Using the Gamma distribution of $\sum\limits_{i=1}^n X_i$, a straightforward calculation shows $$\operatorname{Var}_{\theta}(\hat\theta)=\frac{\theta^2}{n-2}>\frac{\theta^2}{n}=\text{CRLB}(\theta)\quad,\,n>2$$
Since several distributions can be transformed to this exponential distribution, this example in fact generates many more examples.
- Estimation of $\theta^2$ when $X_1,\ldots,X_n$ are i.i.d $N(\theta,1)$:
The UMVUE of $\theta^2$ is $\overline X^2-\frac1n$ where $\overline X$ is sample mean. Among other drawbacks, this estimator can be shown to be not attaining the lower bound. See page 4 of this note for details.
Best Answer
It's difficult to identify the correct level of rigor for an answer. I added the "regularity" condition to your question, since there are unbiased estimators that beat the Cramer-Rao bound.

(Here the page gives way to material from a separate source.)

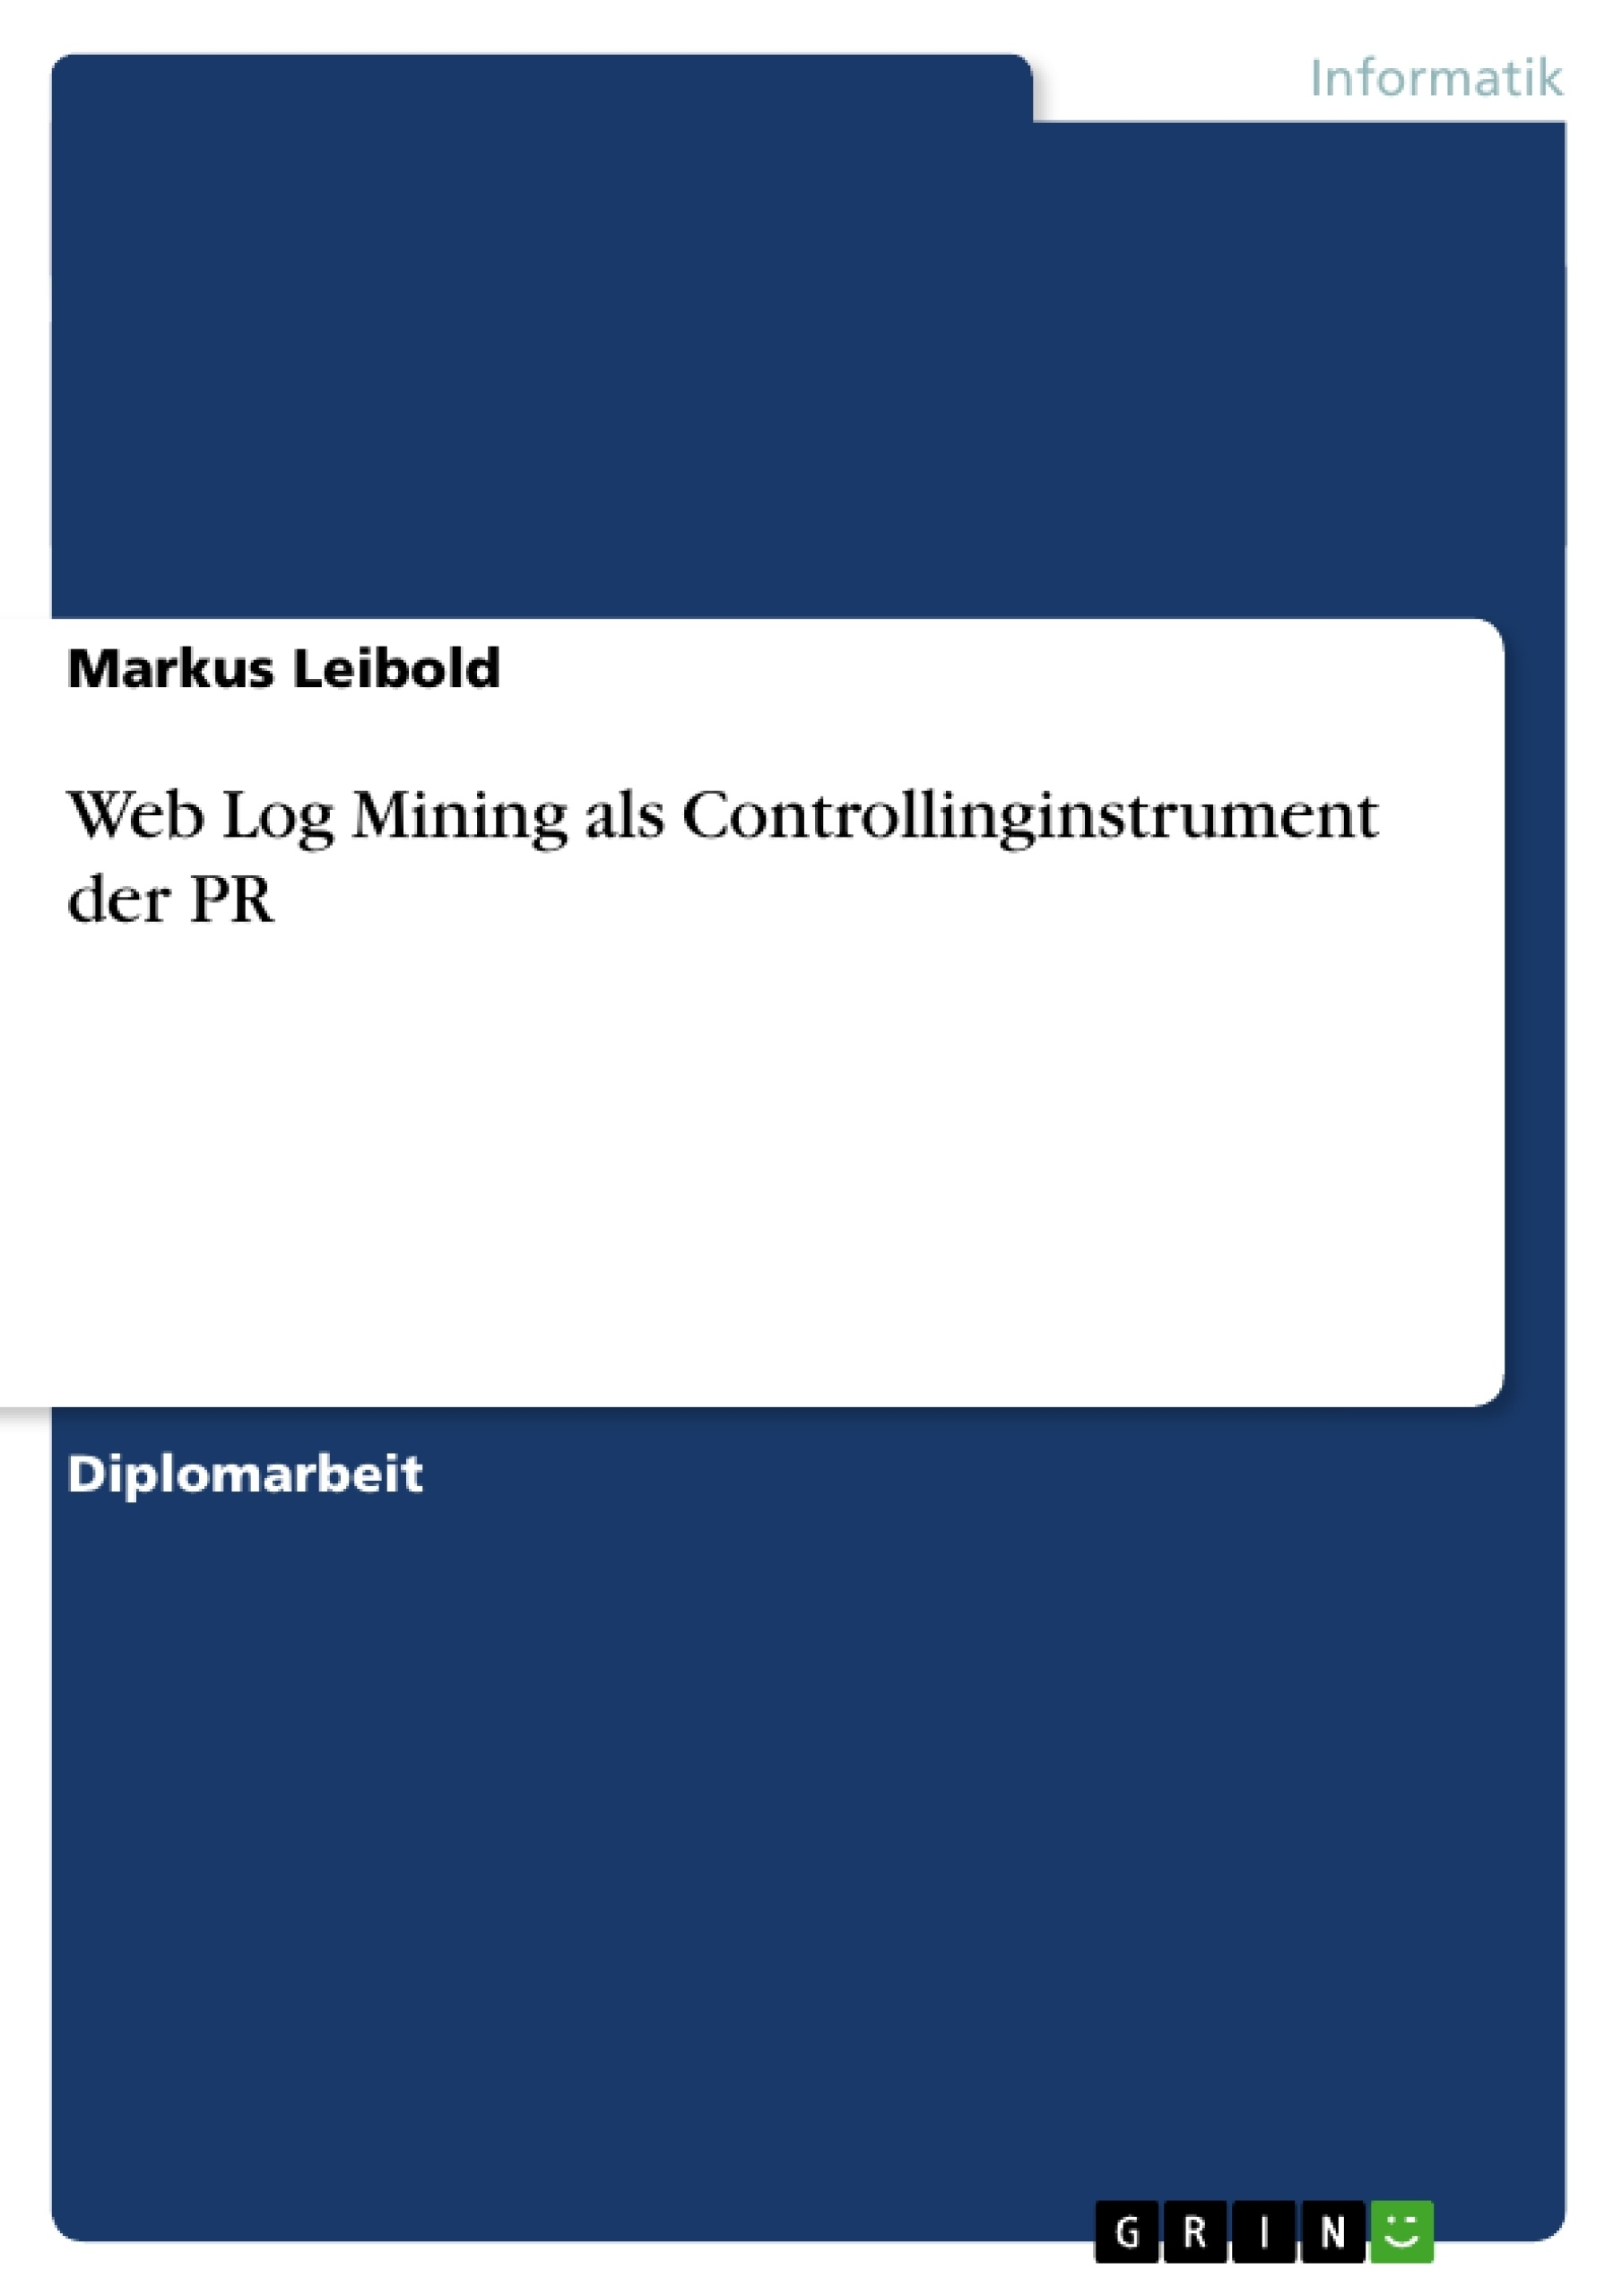 Titel: Web Log Mining als Controllinginstrument der PR

Regular exponential families have score functions for parameters that take this linear form. So we have some idea that this notation is not arbitrary; it comes from estimating "usual" things that produce reasonable outcomes.
As you know, obtaining maxima of a functional (like a likelihood or log-likelihood) involves finding the root of its derivative if it's smooth and the root is continuous. For regular exponential families, the linear form means the solution is obtainable in closed form.
When the score has that form, its expectation is 0 and its variance is an information matrix. It was a revelation to me to think of a score as a random variable, but indeed it's a function of $X$. Using the Cauchy–Schwartz inequality, you can show that any biased estimator is the sum of an unbiased estimator and the bias of the original estimator. Therefore the variance is greater in the sum of these two functions.